Poultry disease wipes out 2.8 million chickens
Yuli Tri Suwarni, The Jakarta Post, Bandung
The outbreak of a highly contagious poultry virus that swept through West Java's two major chicken suppliers have killed 2.8 million young chickens in the first quarter of this year, an official at the West Java husbandry agency said on Wednesday.
Head of the agency's veterinary division Musny Suatmojo said his office had isolated the virus, which caused the incurable Marek's disease, to prevent it from spreading to other regencies from Ciamis and Tasikmalaya.
Experts assured the public that the disease does not affect humans.
"This is the biggest case ever in the history of agriculture here. We are still examining the factors that cause it as we usually only have one or two cases," Musny told a hearing with the West Java Provincial Legislative Council's Commission B for economic affairs.
"Several chickens are still infected, but the number of cases is rapidly decreasing," he added.
Ciamis and Tasikmalaya are the centers for chicken breeding, which produce over 19 million broilers weekly, mostly for the Jakarta market.
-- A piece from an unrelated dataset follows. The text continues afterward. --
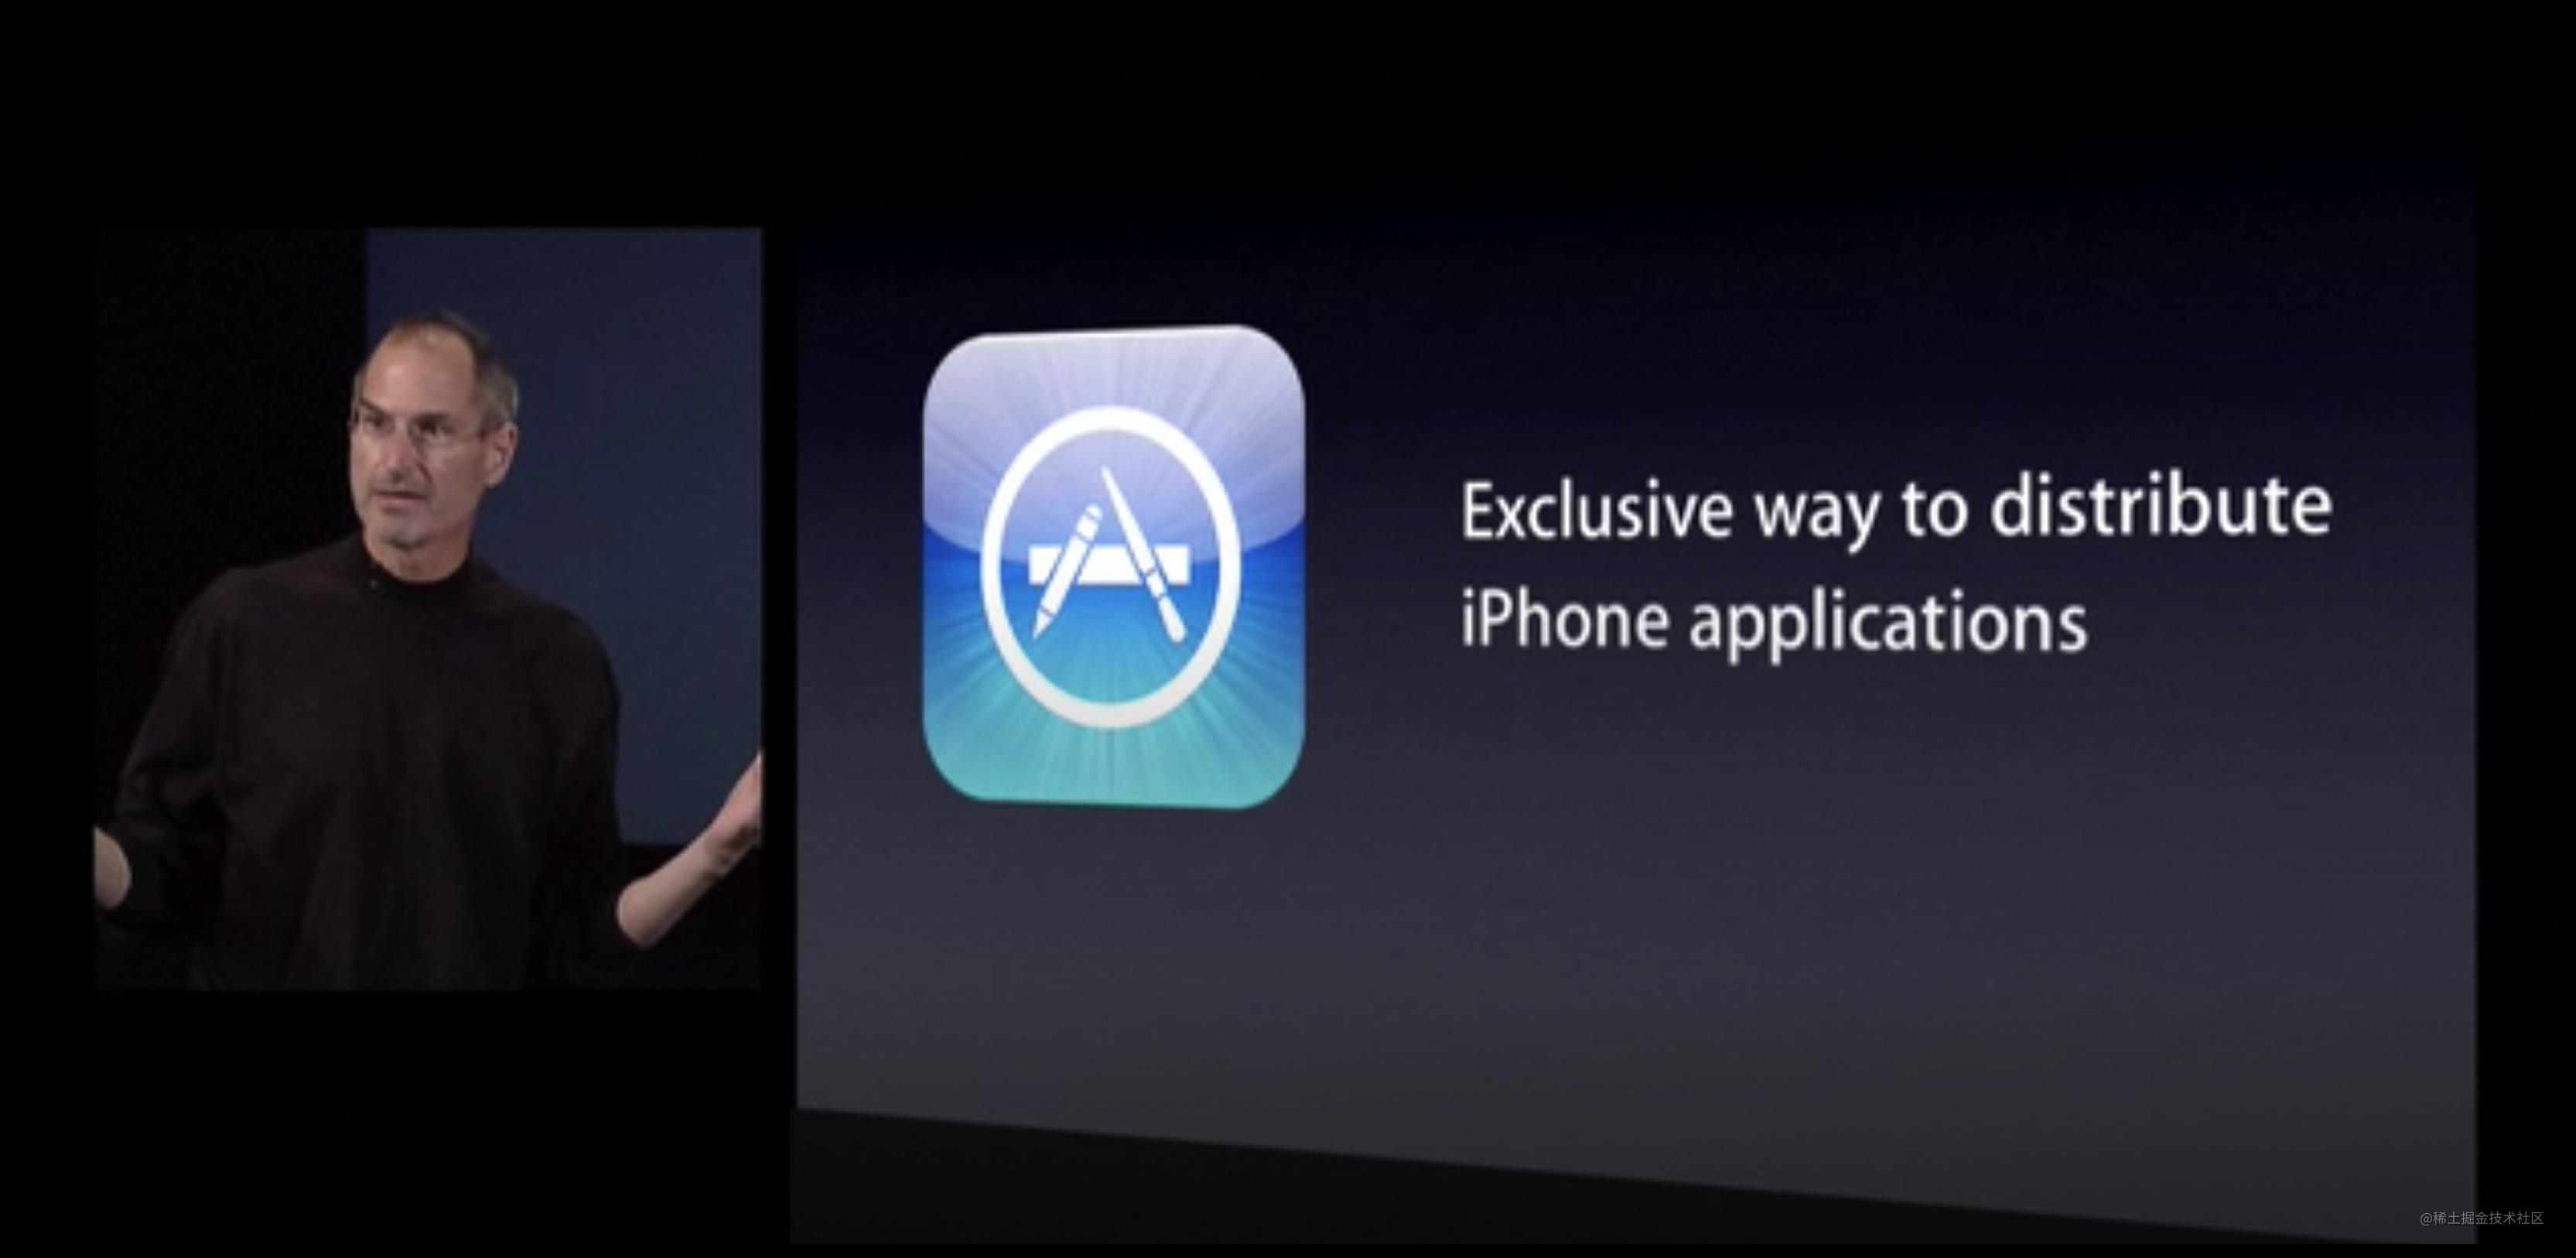 2008-App-Store-ExclusiveWayToDistributeiPhoneApplications.png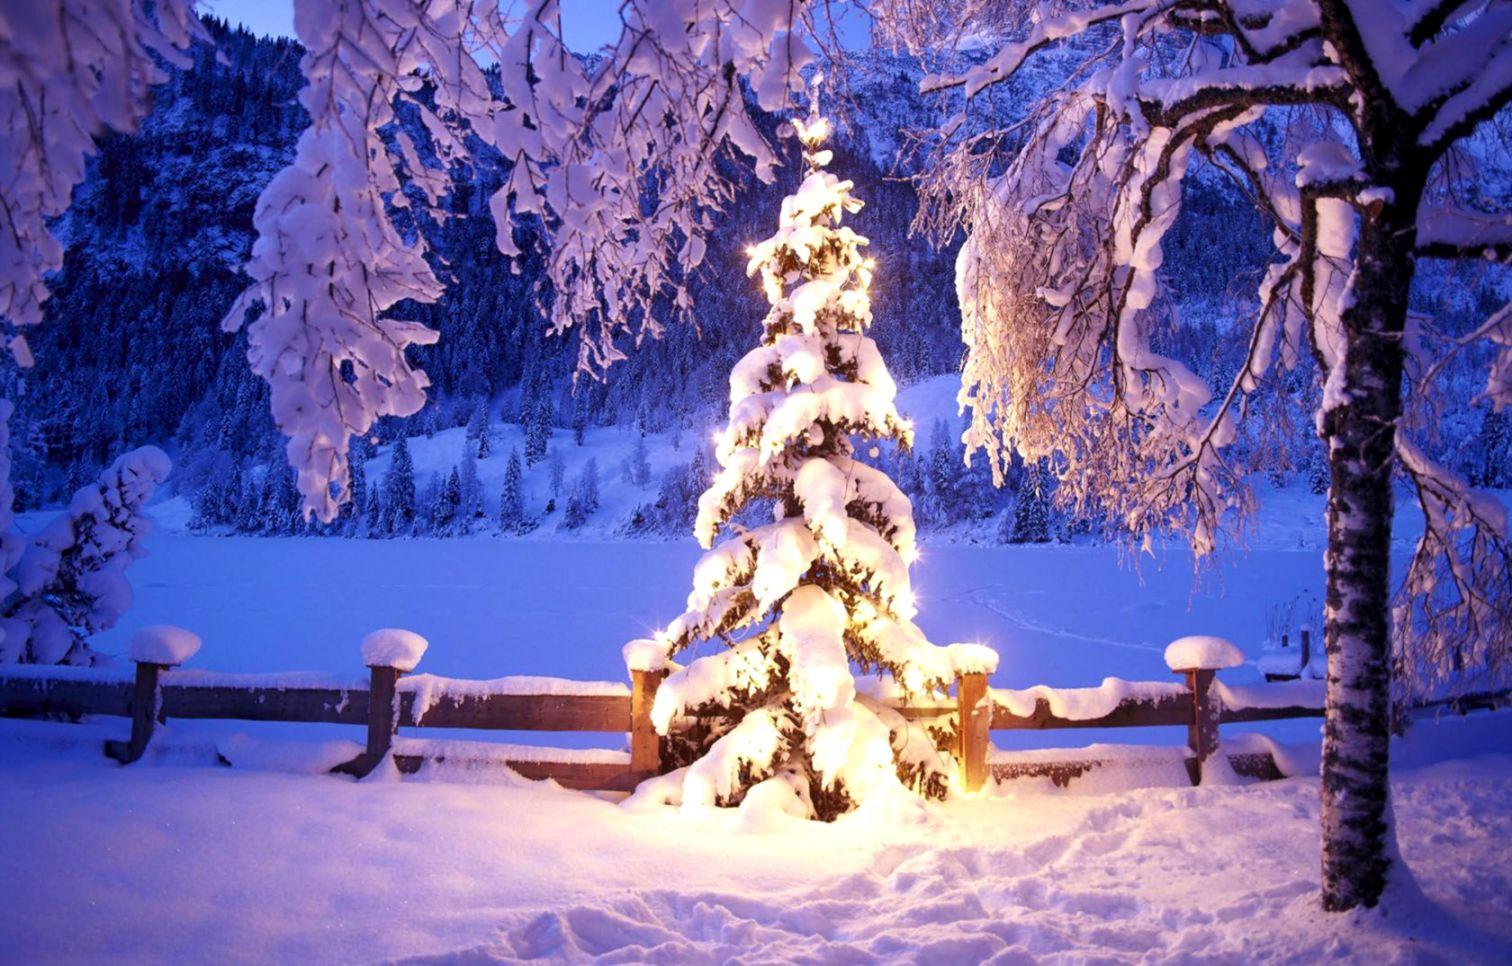 Beautiful Christmas Winter Scenes Wallpaper | Wallpapers Design

Marek's disease produces cancer in poultry and is characterized especially by the proliferation of lymphoid cells and is caused by a herpes virus.
The disease was named after Joszef Marek, a Hungarian veterinarian who first discovered the illness in 1907.
The disease, Musny said, entered Indonesia about 1960 when chickens were imported into the country.
Infected animals have a loss in appetite, are lethargic and have a high body temperature.
It usually infects poultry between the ages of three weeks and four months, whose immunity is low because of bad weather, commonly during the transitional periods between the dry and rainy seasons.
Chickens are usually sent to markets when they are one-and-a- half months old.
Musny assured the public that the disease was not a zoonosis one, meaning it could not be passed on to humans.
He said that his office had instructed breeders to burn every infected chicken and sterilize the coops for 50 days to 90 days to isolate the virus.
In an attempt to prevent further spread of the virus, which does not have a vaccine yet, the husbandry agency has distributed vaccines for Newcastle disease as well as Gumboro's disease.
Chairman of the West Java chapter of the Association of National Chicken Breeders (PPAN) Dedi Dermawan said that there was limited spread of the virus although there is a possibility of its return.
He said the disease had caused Rp 19 billion (US$21 million) in losses to breeders.